Broken Laser Pointers
Pierre Omidyar became fascinated with the ways people connect through shared interests. While in college, he wrote a program to help with memory management for Apple Mackintosh programmers. He distributed it online as “shareware” and asked users to pay through the honor system. Checks did not flood in; it was more of a drip in reality. In 1991 he moved on to start a company with three friends called Ink Development Corp, from which he created eShop Inc.
Moving forward to 1995 Labor Day Weekend, Omidyar launched an online service called Auction Web. The first item sold was a broken laser pointer. Omidyar was baffled. When he checked in with the buyer, he assured him that he purposely bought the broken laser pointer. In fact, he collected them. As the site began to flourish, Omidyar become increasingly cognizant of the human quality embedded in his site – people wanted to connect through shared interests and had an affinity for products with stories. He tapped into this sentiment.
In 1997, he renamed the company eBay and began aggressively marketing. Users came flooding in. However, the consequences of such rapid growth caught up to eBay, resulting in debilitating growing pains. In 1999, the site crashed for more than 22 hours, causing a massive uproar in its huge customer base. This failure made the news and dented the reputation of eBay.
Omidyar, along with Meg Whitman, the CEO, refused to concede defeat and ensured that eBay got back on its feet.
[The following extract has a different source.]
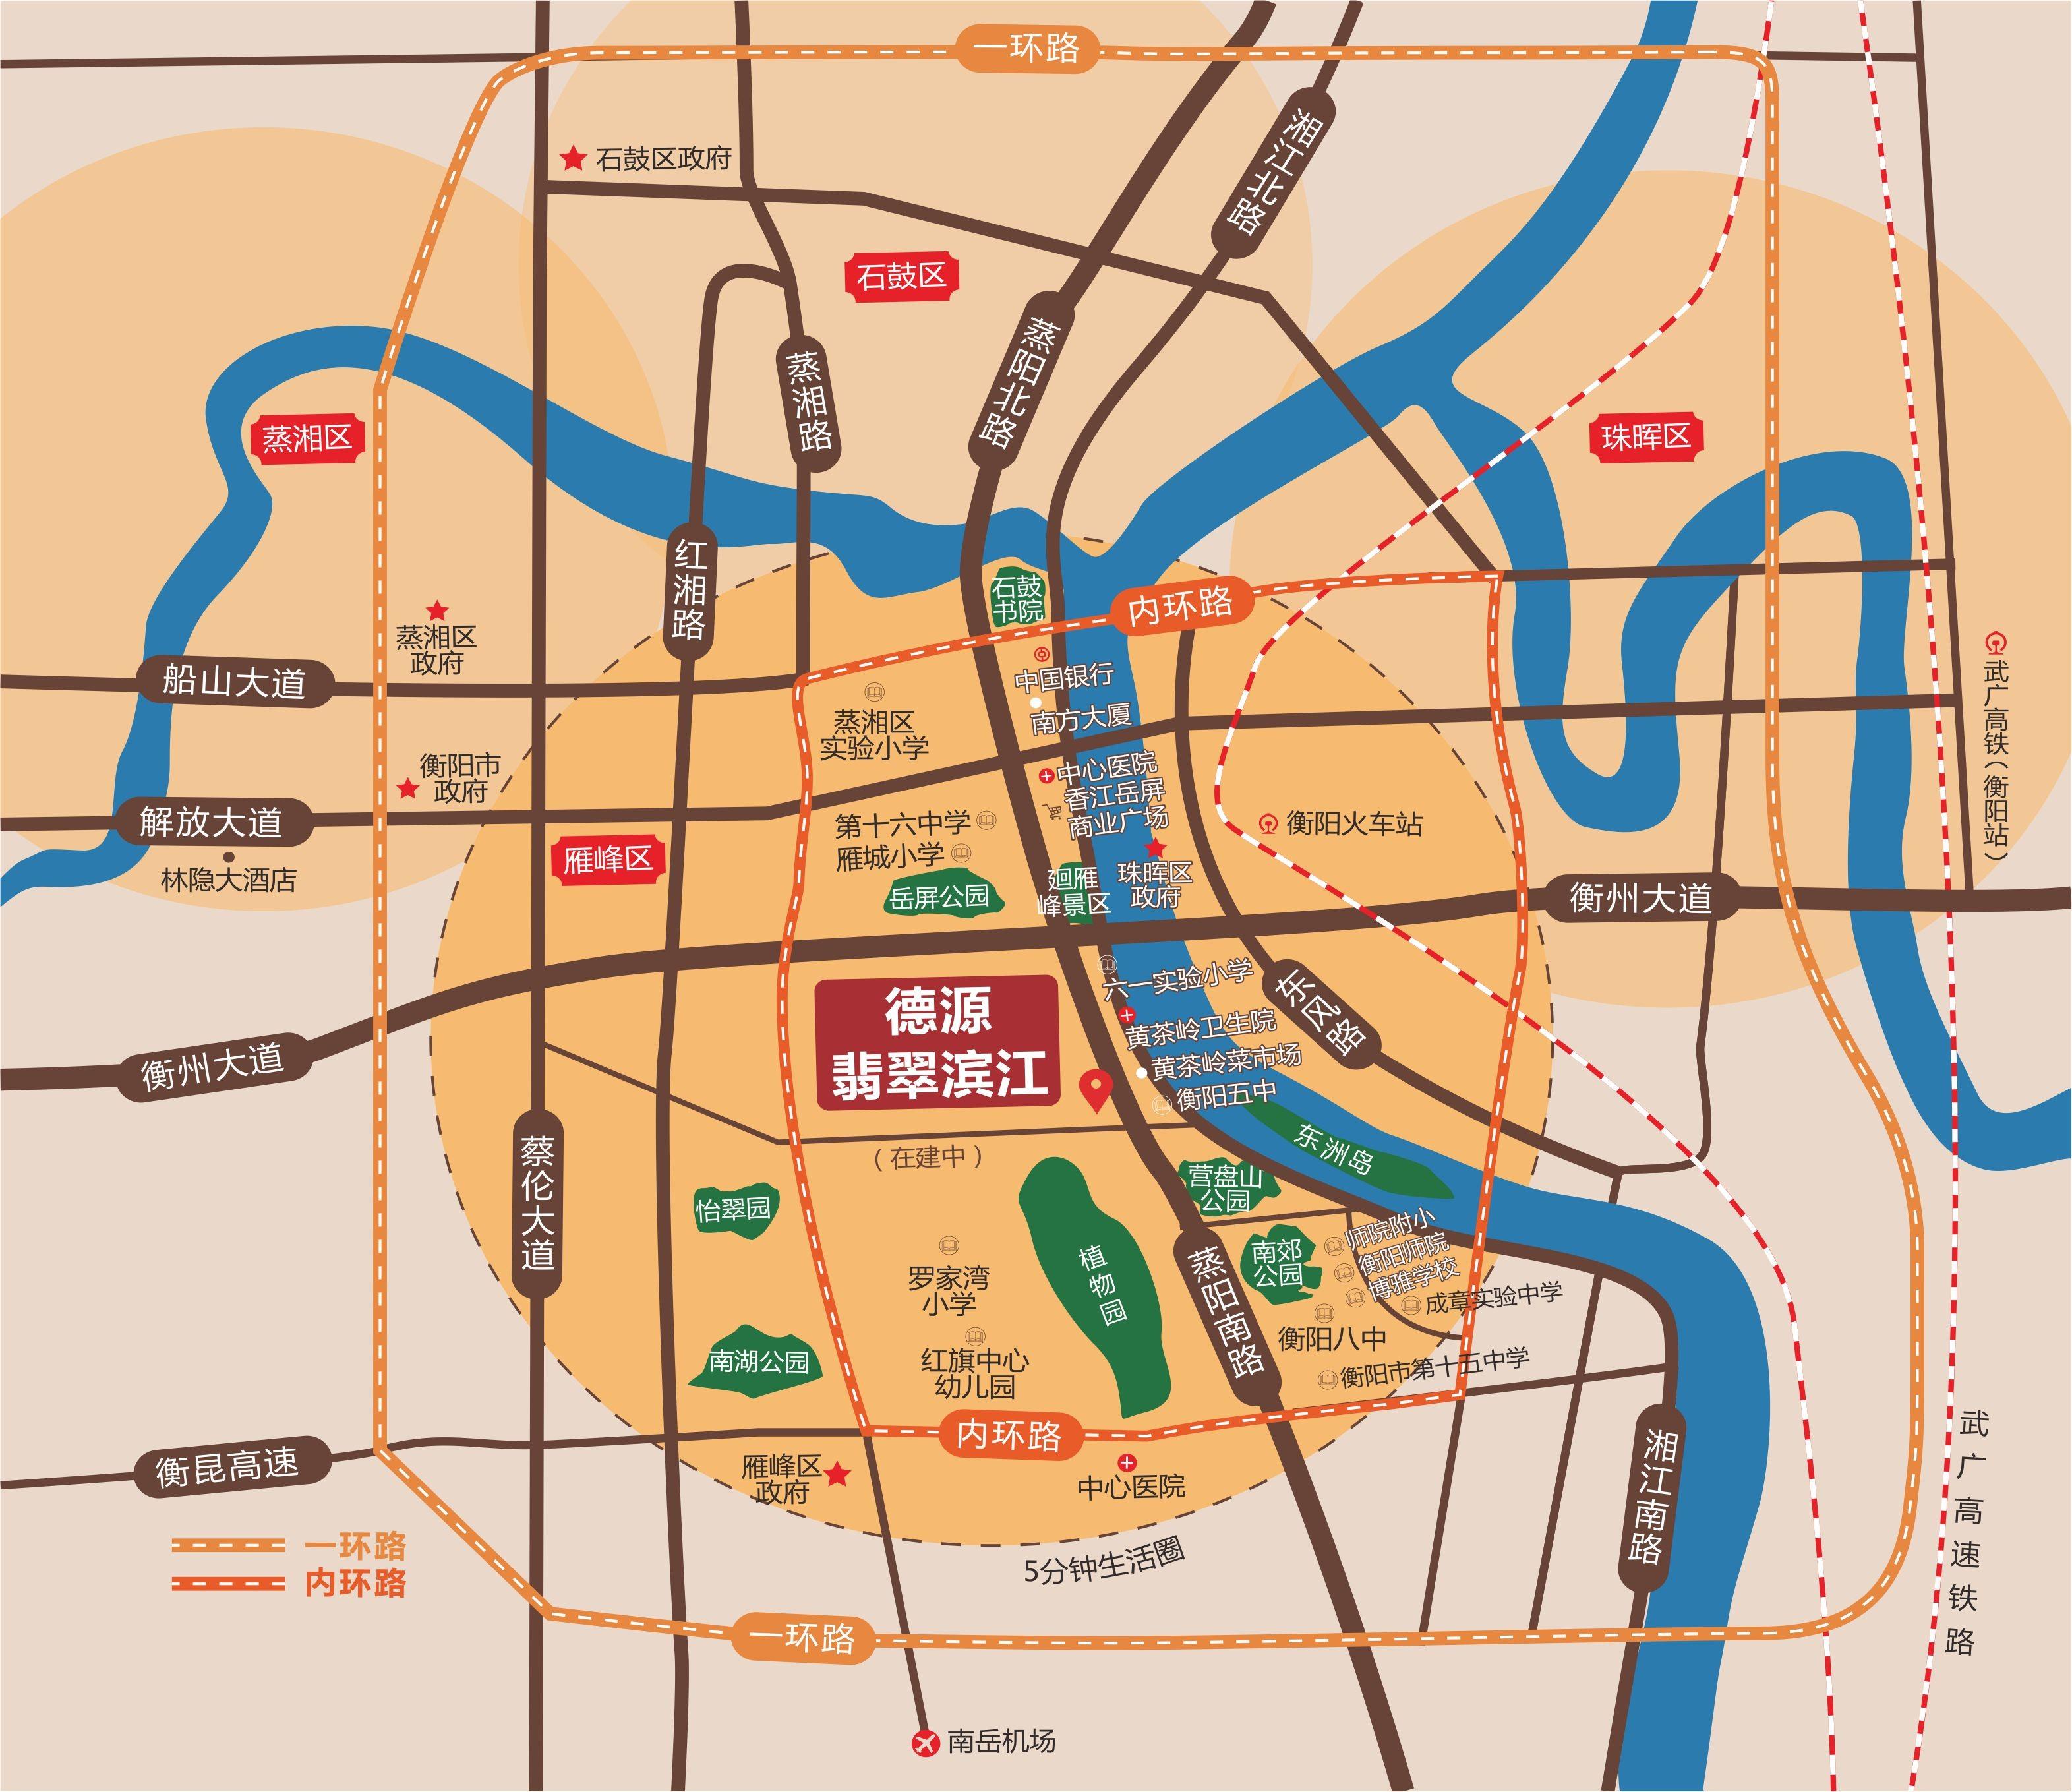 德源·翡翠滨江位置图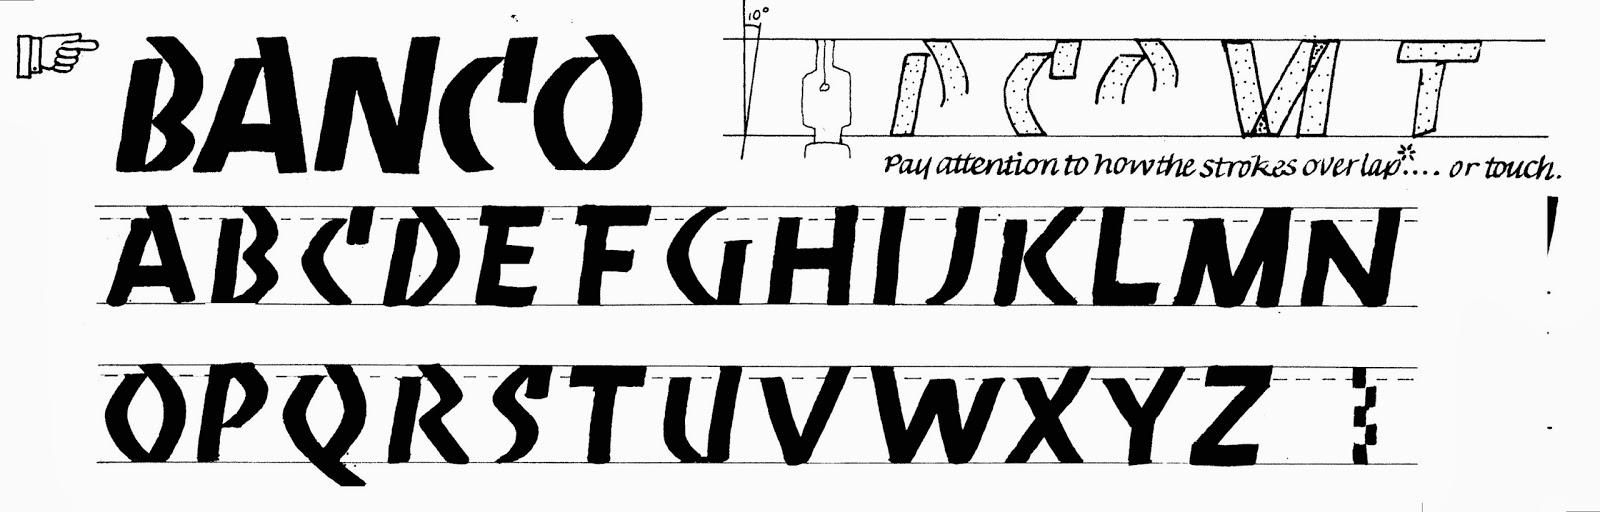 Margaret Shepherd: Calligraphy Blog: 226 Banco

The eBay team called 10,000 of its top users to apologize for the inconvenience. The team also started the slow and arduous journey over the next 6-9 months to solidify the technological infrastructure of eBay. Today, eBay is one of the most successful companies in the world. Omidyar went on to start a philanthropic firm named Omidyar Network and launched First Look Media, a platform for independent journalism.